El caso del TIPNIS es un tema que pone en evidencia la complejidad del proceso decisional político para el partido de gobierno debido a la variedad de actores (locales y globales) que se oponen a la construcción de la carretera por esa área protegida y, también, porque esa vía forma parte de la idea de integración territorial de dos departamentos y dos regiones (eco)lógicamente complementarias en el marco de las visiones históricas de formación del Estado nacional.

Hoy, el Estado es plurinacional, pero enfrenta el mismo desafío de antaño porque, en este caso y en muchos otros, se trata de rezagos estructurales que no se superaron, aunque sí se han modificado las visiones acerca del desarrollo y existe una centralidad discursiva de los derechos colectivos de los pueblos indígenas (antes en los movimientos sociales, luego en el flamante Estado plurinacional e incluso —en torno al TIPNIS, por convicción o pragmatismo—, en las filas de la oposición parlamentaria y extraparlamentaria.

En la mutación de las visiones sobre el progreso destaca la postura ecologista que puso freno a la utopía industrialista que presuponía el carácter inagotable de los recursos naturales y la satisfacción de necesidades mediante la transformación productiva.
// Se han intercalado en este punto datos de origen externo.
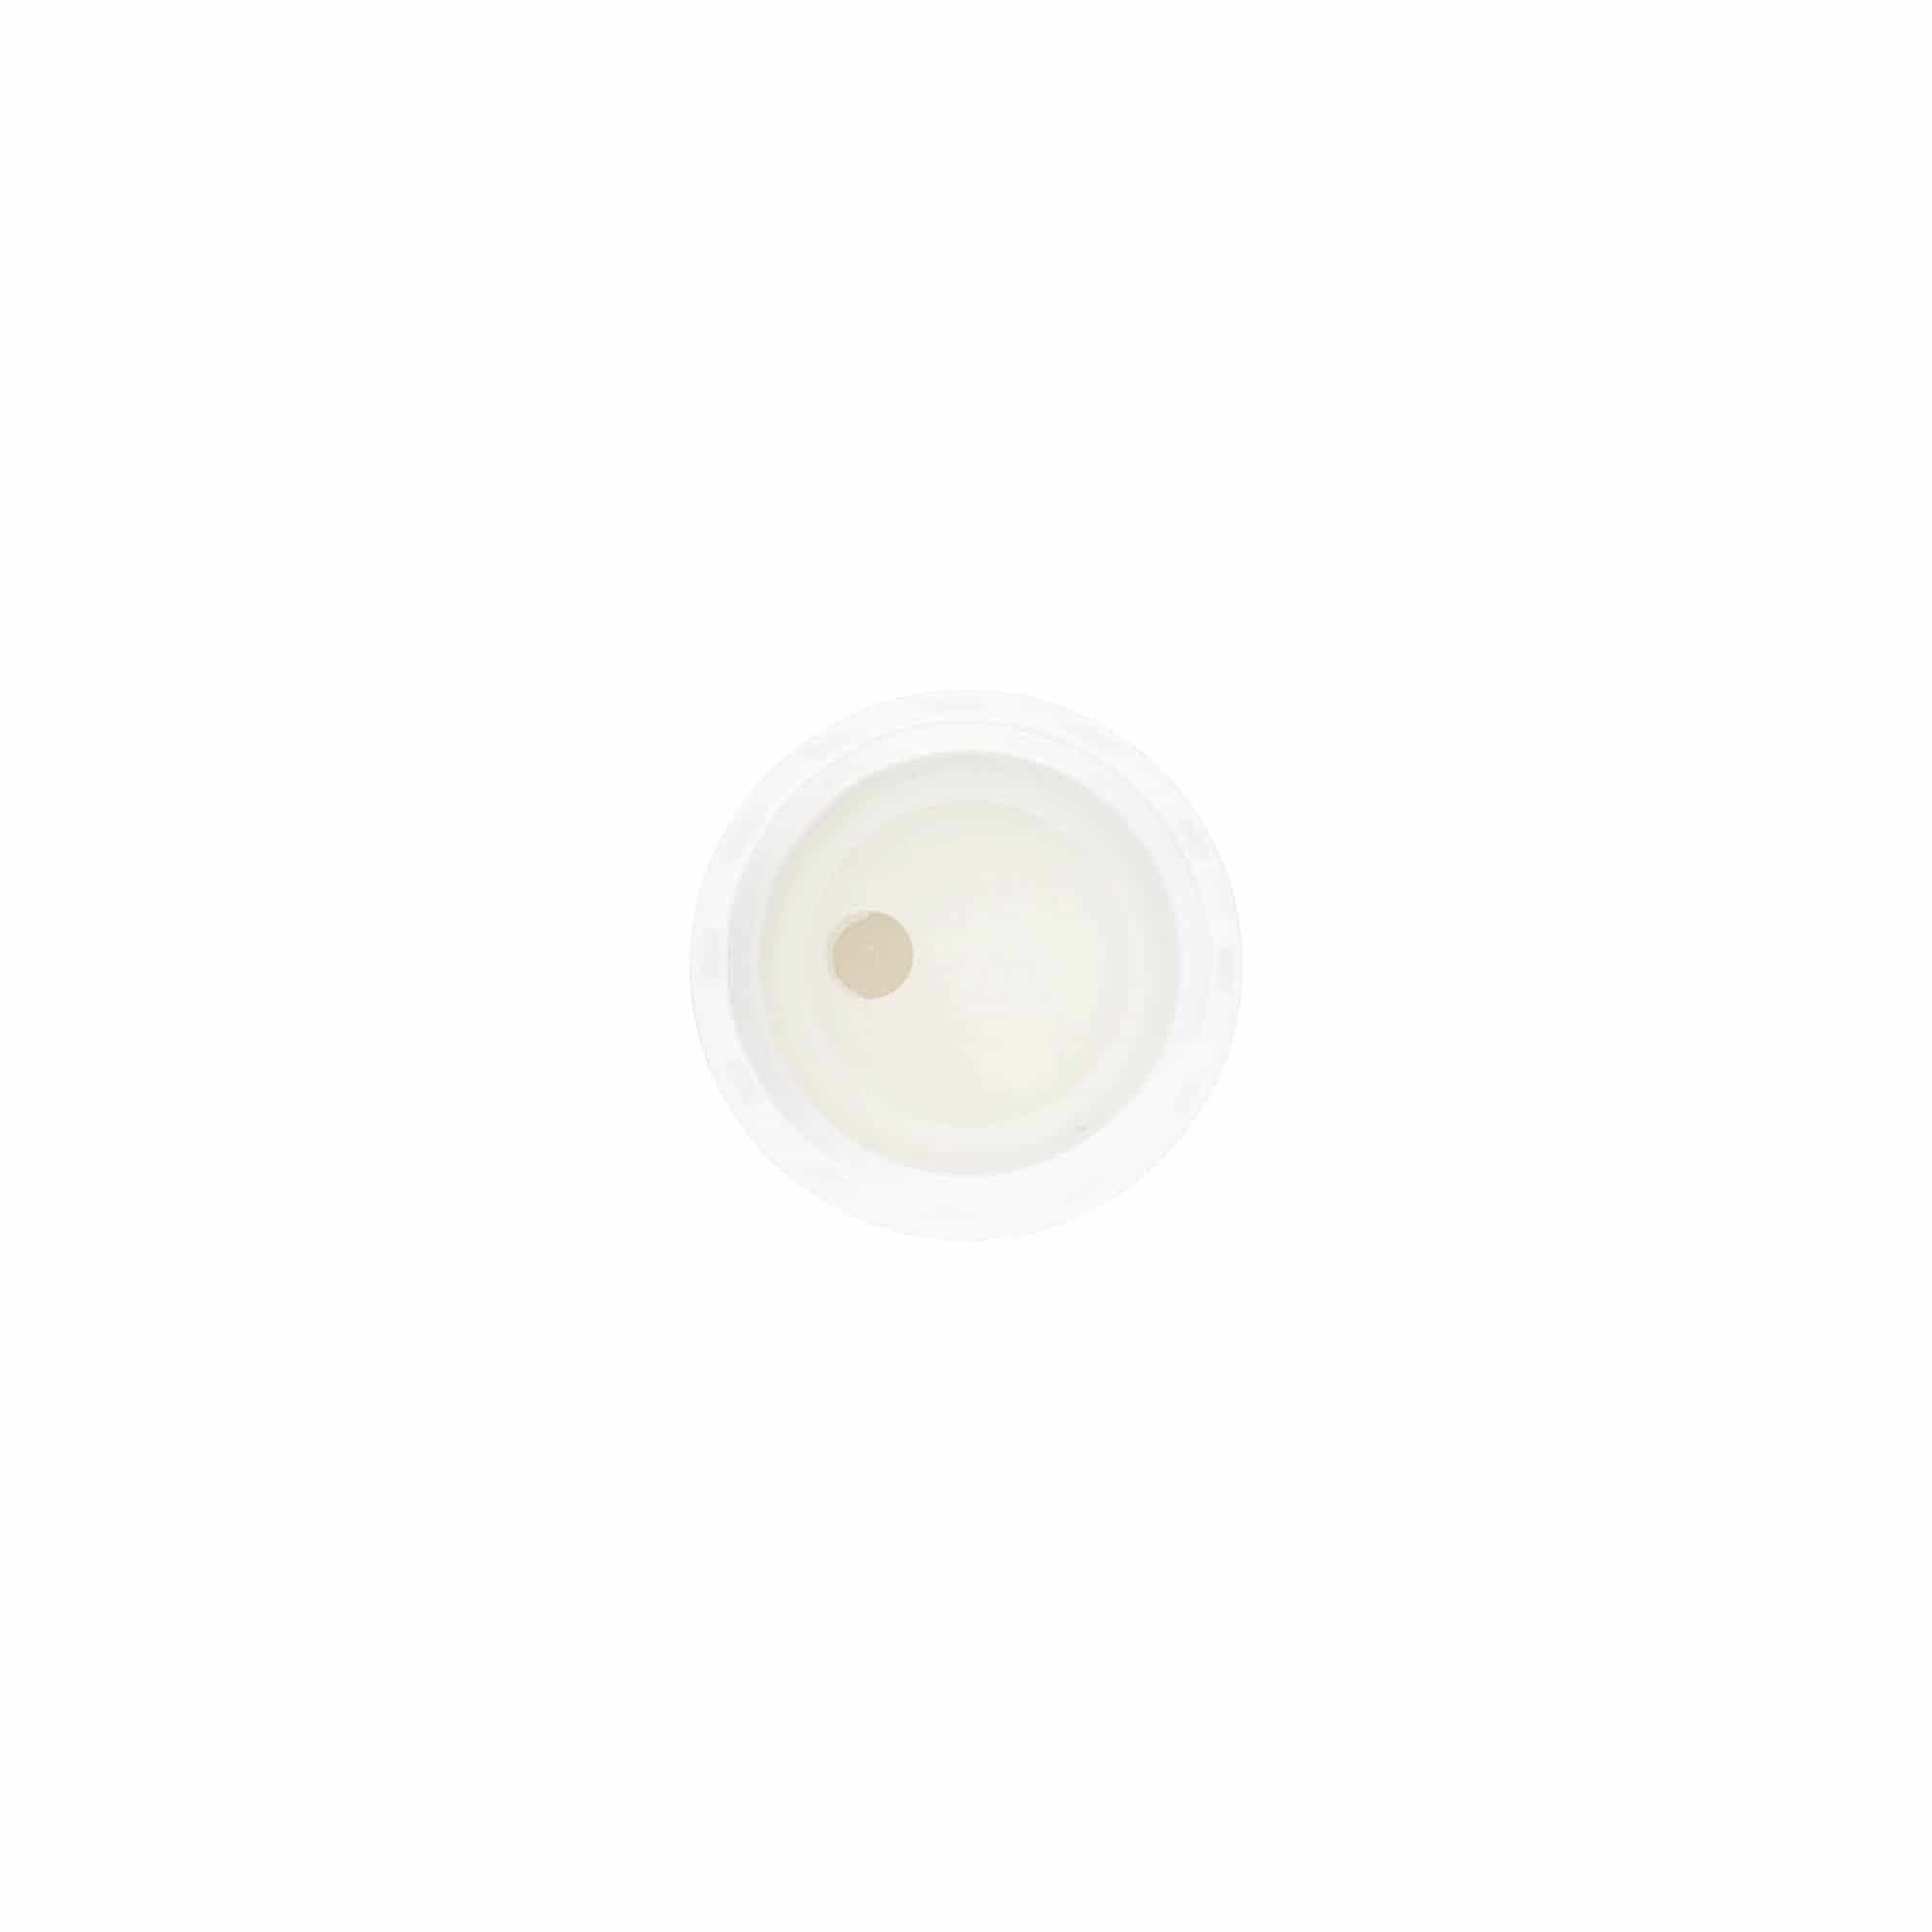 Schraubverschluss Disc Top, PP-Kunststoff, weiß, für Mündung: GPI 20/410

El fracaso del liberalismo capitalista y de la planificación soviética provocó una respuesta conservacionista y el retorno del mito del “buen salvaje”. Ambas ideas fueron adquiriendo matices desde fines del siglo pasado, más aún con los efectos negativos del cambio climático y el protagonismo de los movimientos indígenas que, paradójicamente, es una respuesta identitaria y cultural a los efectos de la globalización. Un proceso cuyo derrotero hoy es incierto (por los menos en sus efectos políticos y sociales) pese a que, como la industrialización antaño, era incontenible y percibida de manera teleológica.

Entonces, ¿es posible encontrar un punto de equilibrio entre quienes exigen el respeto al medio ambiente y la conservación de la biodiversidad y los que impulsan la habilitación de un tramo carretero desdeñando sus efectos perniciosos? Creo que esta pregunta no es anacrónica porque, a diferencia del conflicto del 2011 en torno a la marcha indígena y que concluyó, precisamente, con la aprobación de una ley que declaraba la “intangibilidad” del TIPNIS, en la actualidad existen algunos puntos de convergencia en torno a mitigar los impactos negativos de esa obra.
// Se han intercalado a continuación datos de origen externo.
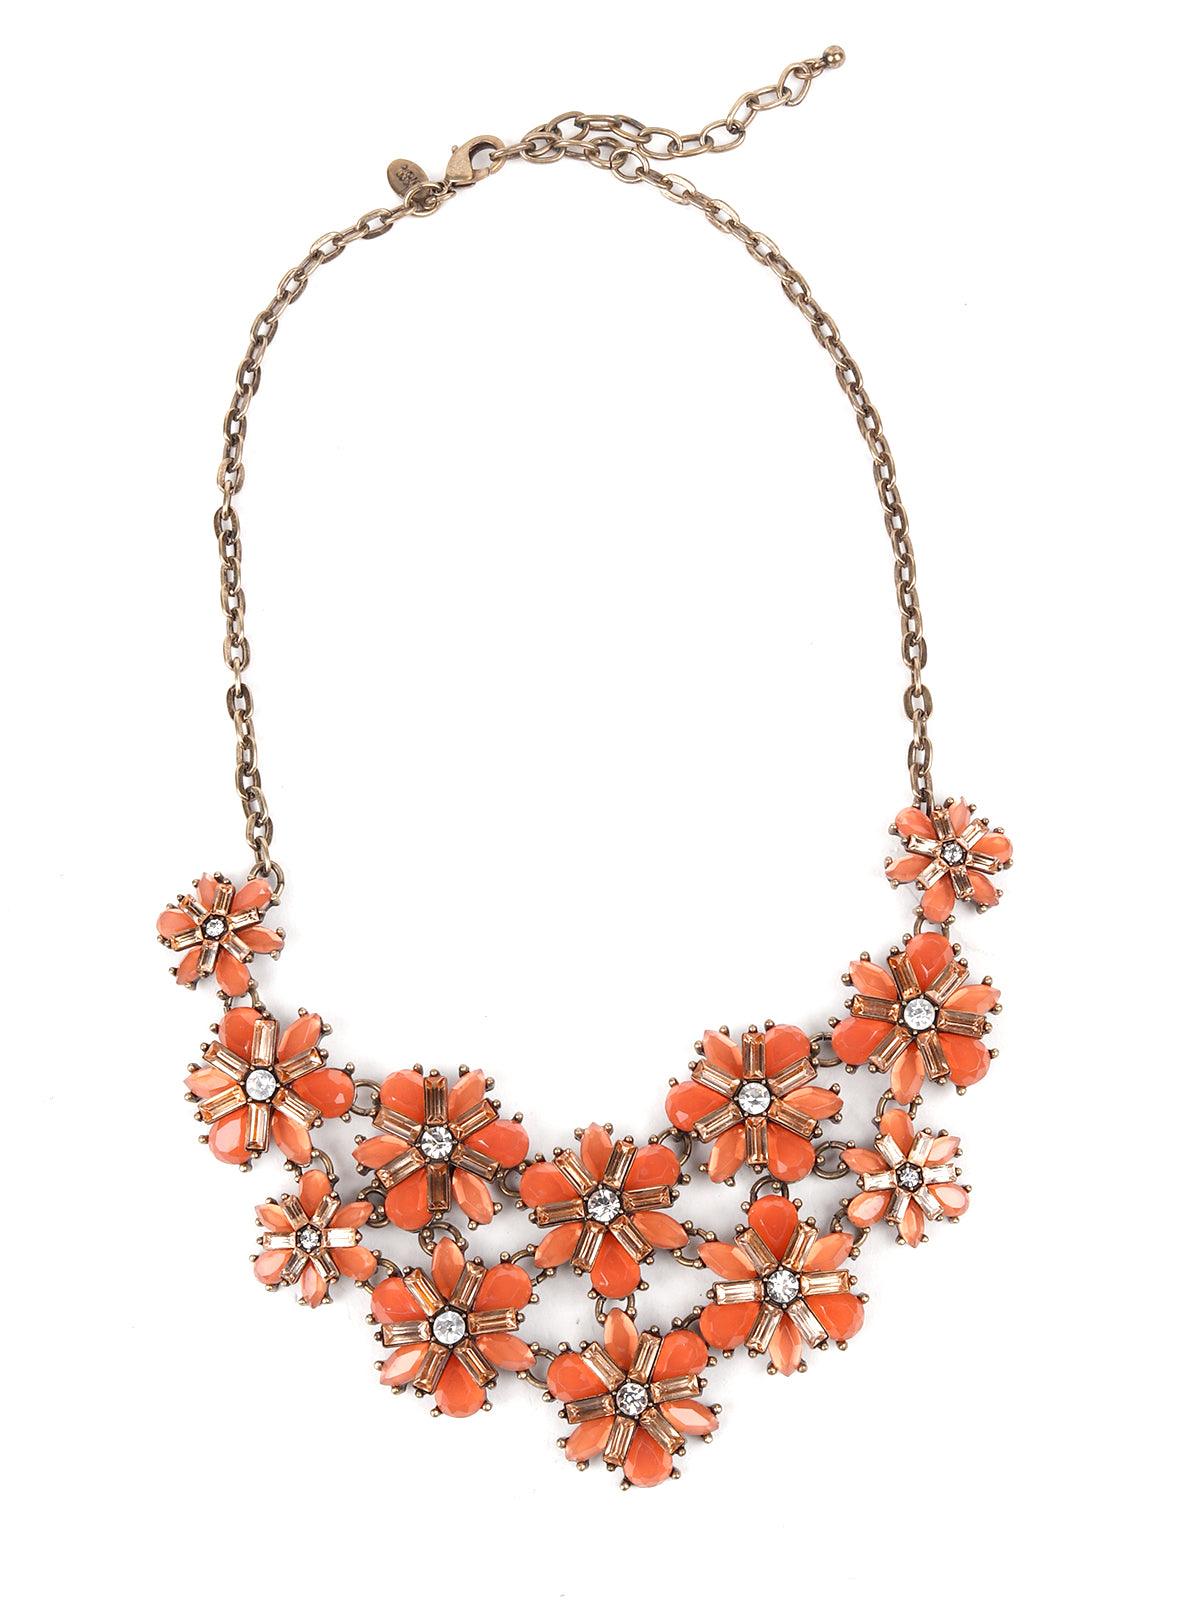 Floral Studded Orange Necklace - Odette

De la formulación oficialista: “se hace ese tramo, sí o sí” a las posturas opositoras circunscritas al “no a la carretera” se ha transitado a posiciones más centristas y razonables, como la asumida por el Sistema de Naciones Unidas, que proporciona una orientación sugerente que podría traducirse en un retorno “a fojas cero”. Esto implica evaluar los aspectos positivos y negativos de esa obra, lo que exige superar aquella nueva (y falsa) dicotomía entre “pachamamismo” y “extractivismo” que impide analizar las tendencias presentes en el modelo de desarrollo en ciernes. Un asunto clave en este debate es el sistema de actores y sus visiones de modernidad (uno de sus puntos de partida actuales es el reconocimiento de la diversidad), lo que implica renovar el pacto entre el Estado y el movimiento indígena a partir, precisamente, de un debate amplio y de un proceso de consulta previa que otorgue plena legitimidad a la decisión gubernamental en respuesta, tanto a las demandas regionales como al ejercicio de los derechos colectivos de los pueblos indígenas.